Не закончив мысли, Вьюга легко переметнулась через комнату и быстро рванула дверь на себя. Ссутулясь, Агей стоял за самой дверью, Векшину показалось – с руками чуть не до полу, с головой чуть набочок и в подшитых валенках, а с лица его еще не сползла тяжкая озабоченность незнания.

– Ну, чего, чего вы тут затихли, ровно воруете! – заухмылялся он подло и виновато. – Чего вы у меня воруете?

Вьюга бесстрашно шагнула к нему навстречу.

– Ай-ай, нехорошо-то как, Агей… Кому я раз навсегда запретила подслушивать? Марш на кухню!

Она повернула его, послушного, лицом в обратную сторону и, подтолкнув ладонью в плечо, лишь полуприкрыла дверь на этот раз…

– Слушай, Маша, – только теперь овладев собою, заговорил Митька, – тебе известно, что я не шибко пугливый, но мне и в самом деле неохота драться с Агеем… да и не велика радость рога ему наставлять. Постарайся привыкнуть к мысли, что я не боюсь ни чар твоих, ни его ножа, ничьей мести! – и даже применил точное блатное словцо, чтобы обозначить степень своего пренебреженья к любым страхам и запретам на свете. – Ты постоянно делаешь ту же ошибку в расчетах: уж как-нибудь постараюсь пережить нашу разлуку… и вообще не путай человека и его временную оболочку! – По фирсовскому замыслу, в соответственном месте повести Митька хотел сказать, что даже петля на его шее всего лишь обстоятельство судьбы, а не личная характеристика.

Вьюга слушала его, кружевным платочком рассеянно вытирая с ладони, – может быть, прикосновенье к Агею. Во всем ее поведении Митьке чудился заведомый план, но сосредоточиться, проникнуть в него мешали то раздражающие шорохи ее платья, то отвлекающий вниманье запах ее духов.

– Не боишься, покамест сильный… – бегло и без выраженья заговорила Вьюга, – но однажды задувает незнакомый ледяной ветерочек, сгибает и вяжет гордецов в узелок.
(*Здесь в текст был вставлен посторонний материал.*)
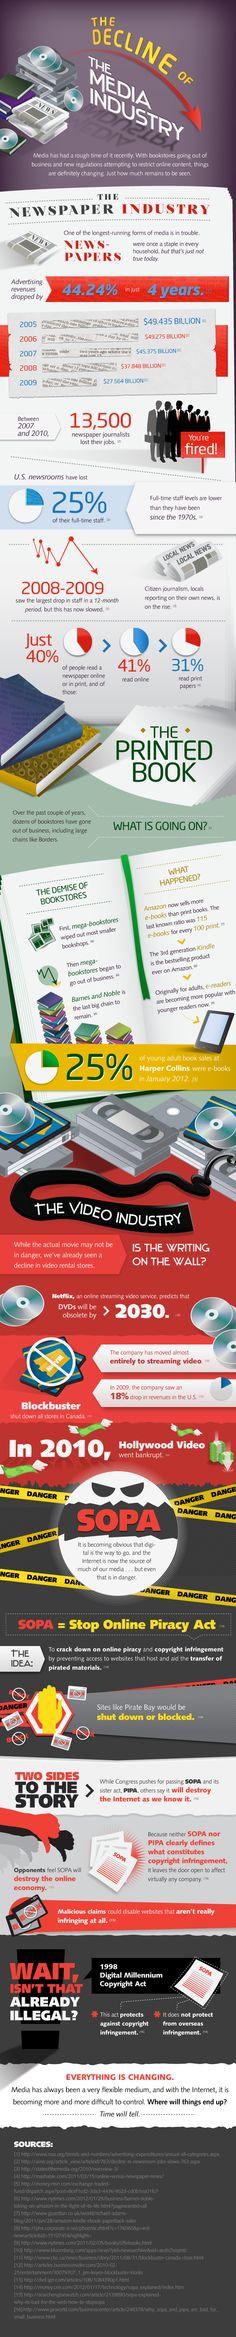 El ocaso de la industria de los Medios #Infografia #socialmedia #infographic #pymes

Вот как качнешь гнуться, так и прибежишь ко мне, а я уж наготове буду в дверях стоять. И не жди тогда от меня пощады… еще покойный отец примечал, что характер у меня дурной, сварливый. Прямо говорю: я из тебя хуже тех сделаю, кого ты презираешь сейчас… безвинной тебя кровью обагрю. Мне и слез твоих мало, а ведь ты не плакал пока. Думаешь, уж убил свою любовь? Глупый, только изувечил! Отец на глухарей ходил, на глухаря – на любовную песню охота. Его бьют, когда он изнывает от любви, караулят из шалашика. Приспеет время, и я тебя на песне возьму: а потом на помойку выкину… авось человек в тебе родится!

– Рассудок, значит, от тебя потеряю? – сквозь зубы пошутил Митька.

– Зачем же, и терять его не придется… а просто вспомнишь однажды, как ландыши мы с тобой рвали на белянинской опушке. Еще радуга стояла на лугу, совсем близкая, хоть подкрадись и отломи на память… да так и не успели мы с тобой, распалась. Ты хороший, милый был, и все мне поцеловать тебя хотелось… разве уж отдать тебе должок? – Она приблизила было лицо к нему, не ожидавшему нападенья, но в решающее мгновенье, щурко заглянув в глаза, лишь головой покачала и оттолкнула. – Нет, не хочется мне вора обнимать… Неужто вправду говорят, будто ты собственную сестру обокрал? Такого сдуру прижмешь к сердцу-то, а он тебе карманы и обчистит. Не хочу, – с правдоподобной зевотой заключила она.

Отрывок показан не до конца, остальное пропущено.